((
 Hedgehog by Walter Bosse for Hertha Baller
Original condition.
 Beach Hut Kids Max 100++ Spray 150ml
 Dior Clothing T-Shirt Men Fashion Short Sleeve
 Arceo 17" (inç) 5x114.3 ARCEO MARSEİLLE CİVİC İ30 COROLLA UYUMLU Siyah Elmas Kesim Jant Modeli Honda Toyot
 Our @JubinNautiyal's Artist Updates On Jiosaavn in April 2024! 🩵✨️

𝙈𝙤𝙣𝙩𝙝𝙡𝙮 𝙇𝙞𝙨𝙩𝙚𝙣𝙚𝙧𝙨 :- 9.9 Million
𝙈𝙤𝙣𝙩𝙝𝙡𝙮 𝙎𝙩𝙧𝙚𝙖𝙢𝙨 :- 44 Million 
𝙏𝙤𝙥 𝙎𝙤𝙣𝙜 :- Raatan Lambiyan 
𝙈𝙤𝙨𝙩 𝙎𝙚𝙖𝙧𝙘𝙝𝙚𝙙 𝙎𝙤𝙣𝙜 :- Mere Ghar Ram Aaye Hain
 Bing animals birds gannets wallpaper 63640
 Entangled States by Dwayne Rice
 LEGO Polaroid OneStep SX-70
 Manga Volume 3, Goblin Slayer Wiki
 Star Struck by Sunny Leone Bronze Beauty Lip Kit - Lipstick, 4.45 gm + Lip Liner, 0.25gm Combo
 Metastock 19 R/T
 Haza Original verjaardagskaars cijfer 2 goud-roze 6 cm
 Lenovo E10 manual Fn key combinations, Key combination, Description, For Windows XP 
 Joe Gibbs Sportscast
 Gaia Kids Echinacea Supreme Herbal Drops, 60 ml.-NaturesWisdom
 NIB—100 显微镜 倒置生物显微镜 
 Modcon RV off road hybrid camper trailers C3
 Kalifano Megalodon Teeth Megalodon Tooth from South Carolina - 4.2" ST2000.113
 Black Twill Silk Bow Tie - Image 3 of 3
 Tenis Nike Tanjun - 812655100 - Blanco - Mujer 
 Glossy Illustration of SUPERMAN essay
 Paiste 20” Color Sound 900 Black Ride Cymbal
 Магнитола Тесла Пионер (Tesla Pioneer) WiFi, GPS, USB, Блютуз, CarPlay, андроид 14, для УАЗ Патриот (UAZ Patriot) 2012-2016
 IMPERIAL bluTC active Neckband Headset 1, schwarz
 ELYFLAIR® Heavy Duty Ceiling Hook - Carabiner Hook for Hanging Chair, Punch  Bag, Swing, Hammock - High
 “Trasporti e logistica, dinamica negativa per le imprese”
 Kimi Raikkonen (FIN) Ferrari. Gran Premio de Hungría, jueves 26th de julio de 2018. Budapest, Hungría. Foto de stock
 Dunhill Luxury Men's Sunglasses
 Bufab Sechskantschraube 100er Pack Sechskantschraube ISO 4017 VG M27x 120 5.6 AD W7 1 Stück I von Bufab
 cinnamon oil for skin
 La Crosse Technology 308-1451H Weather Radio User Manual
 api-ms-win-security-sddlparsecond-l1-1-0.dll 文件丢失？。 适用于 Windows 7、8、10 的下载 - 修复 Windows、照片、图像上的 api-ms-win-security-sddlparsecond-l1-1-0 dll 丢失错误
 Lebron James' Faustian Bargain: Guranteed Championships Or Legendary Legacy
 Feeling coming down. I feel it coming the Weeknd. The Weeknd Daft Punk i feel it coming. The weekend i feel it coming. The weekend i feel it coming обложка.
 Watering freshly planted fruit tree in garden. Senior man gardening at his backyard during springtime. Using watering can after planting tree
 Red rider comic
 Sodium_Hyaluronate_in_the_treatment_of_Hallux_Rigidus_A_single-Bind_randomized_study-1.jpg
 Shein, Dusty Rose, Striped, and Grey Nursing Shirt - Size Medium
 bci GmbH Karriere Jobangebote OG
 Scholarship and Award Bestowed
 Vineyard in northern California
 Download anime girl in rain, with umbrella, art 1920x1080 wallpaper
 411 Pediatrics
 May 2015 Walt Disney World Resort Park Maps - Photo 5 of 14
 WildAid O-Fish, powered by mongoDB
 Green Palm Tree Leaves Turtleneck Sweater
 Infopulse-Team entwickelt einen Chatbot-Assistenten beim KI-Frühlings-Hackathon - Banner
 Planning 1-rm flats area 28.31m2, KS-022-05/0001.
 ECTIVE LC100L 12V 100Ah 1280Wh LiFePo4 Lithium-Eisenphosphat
))
» Exercise objective: Each record, exactly as written, is to be printed again.

» Answer below:
 Hedgehog by Walter Bosse for Hertha Baller
Original condition.
 Beach Hut Kids Max 100++ Spray 150ml
 Dior Clothing T-Shirt Men Fashion Short Sleeve
 Arceo 17" (inç) 5x114.3 ARCEO MARSEİLLE CİVİC İ30 COROLLA UYUMLU Siyah Elmas Kesim Jant Modeli Honda Toyot
 Our @JubinNautiyal's Artist Updates On Jiosaavn in April 2024! 🩵✨️

𝙈𝙤𝙣𝙩𝙝𝙡𝙮 𝙇𝙞𝙨𝙩𝙚𝙣𝙚𝙧𝙨 :- 9.9 Million
𝙈𝙤𝙣𝙩𝙝𝙡𝙮 𝙎𝙩𝙧𝙚𝙖𝙢𝙨 :- 44 Million 
𝙏𝙤𝙥 𝙎𝙤𝙣𝙜 :- Raatan Lambiyan 
𝙈𝙤𝙨𝙩 𝙎𝙚𝙖𝙧𝙘𝙝𝙚𝙙 𝙎𝙤𝙣𝙜 :- Mere Ghar Ram Aaye Hain
 Bing animals birds gannets wallpaper 63640
 Entangled States by Dwayne Rice
 LEGO Polaroid OneStep SX-70
 Manga Volume 3, Goblin Slayer Wiki
 Star Struck by Sunny Leone Bronze Beauty Lip Kit - Lipstick, 4.45 gm + Lip Liner, 0.25gm Combo
 Metastock 19 R/T
 Haza Original verjaardagskaars cijfer 2 goud-roze 6 cm
 Lenovo E10 manual Fn key combinations, Key combination, Description, For Windows XP 
 Joe Gibbs Sportscast
 Gaia Kids Echinacea Supreme Herbal Drops, 60 ml.-NaturesWisdom
 NIB—100 显微镜 倒置生物显微镜 
 Modcon RV off road hybrid camper trailers C3
 Kalifano Megalodon Teeth Megalodon Tooth from South Carolina - 4.2" ST2000.113
 Black Twill Silk Bow Tie - Image 3 of 3
 Tenis Nike Tanjun - 812655100 - Blanco - Mujer 
 Glossy Illustration of SUPERMAN essay
 Paiste 20” Color Sound 900 Black Ride Cymbal
 Магнитола Тесла Пионер (Tesla Pioneer) WiFi, GPS, USB, Блютуз, CarPlay, андроид 14, для УАЗ Патриот (UAZ Patriot) 2012-2016
 IMPERIAL bluTC active Neckband Headset 1, schwarz
 ELYFLAIR® Heavy Duty Ceiling Hook - Carabiner Hook for Hanging Chair, Punch  Bag, Swing, Hammock - High
 “Trasporti e logistica, dinamica negativa per le imprese”
 Kimi Raikkonen (FIN) Ferrari. Gran Premio de Hungría, jueves 26th de julio de 2018. Budapest, Hungría. Foto de stock
 Dunhill Luxury Men's Sunglasses
 Bufab Sechskantschraube 100er Pack Sechskantschraube ISO 4017 VG M27x 120 5.6 AD W7 1 Stück I von Bufab
 cinnamon oil for skin
 La Crosse Technology 308-1451H Weather Radio User Manual
 api-ms-win-security-sddlparsecond-l1-1-0.dll 文件丢失？。 适用于 Windows 7、8、10 的下载 - 修复 Windows、照片、图像上的 api-ms-win-security-sddlparsecond-l1-1-0 dll 丢失错误
 Lebron James' Faustian Bargain: Guranteed Championships Or Legendary Legacy
 Feeling coming down. I feel it coming the Weeknd. The Weeknd Daft Punk i feel it coming. The weekend i feel it coming. The weekend i feel it coming обложка.
 Watering freshly planted fruit tree in garden. Senior man gardening at his backyard during springtime. Using watering can after planting tree
 Red rider comic
 Sodium_Hyaluronate_in_the_treatment_of_Hallux_Rigidus_A_single-Bind_randomized_study-1.jpg
 Shein, Dusty Rose, Striped, and Grey Nursing Shirt - Size Medium
 bci GmbH Karriere Jobangebote OG
 Scholarship and Award Bestowed
 Vineyard in northern California
 Download anime girl in rain, with umbrella, art 1920x1080 wallpaper
 411 Pediatrics
 May 2015 Walt Disney World Resort Park Maps - Photo 5 of 14
 WildAid O-Fish, powered by mongoDB
 Green Palm Tree Leaves Turtleneck Sweater
 Infopulse-Team entwickelt einen Chatbot-Assistenten beim KI-Frühlings-Hackathon - Banner
 Planning 1-rm flats area 28.31m2, KS-022-05/0001.
 ECTIVE LC100L 12V 100Ah 1280Wh LiFePo4 Lithium-Eisenphosphat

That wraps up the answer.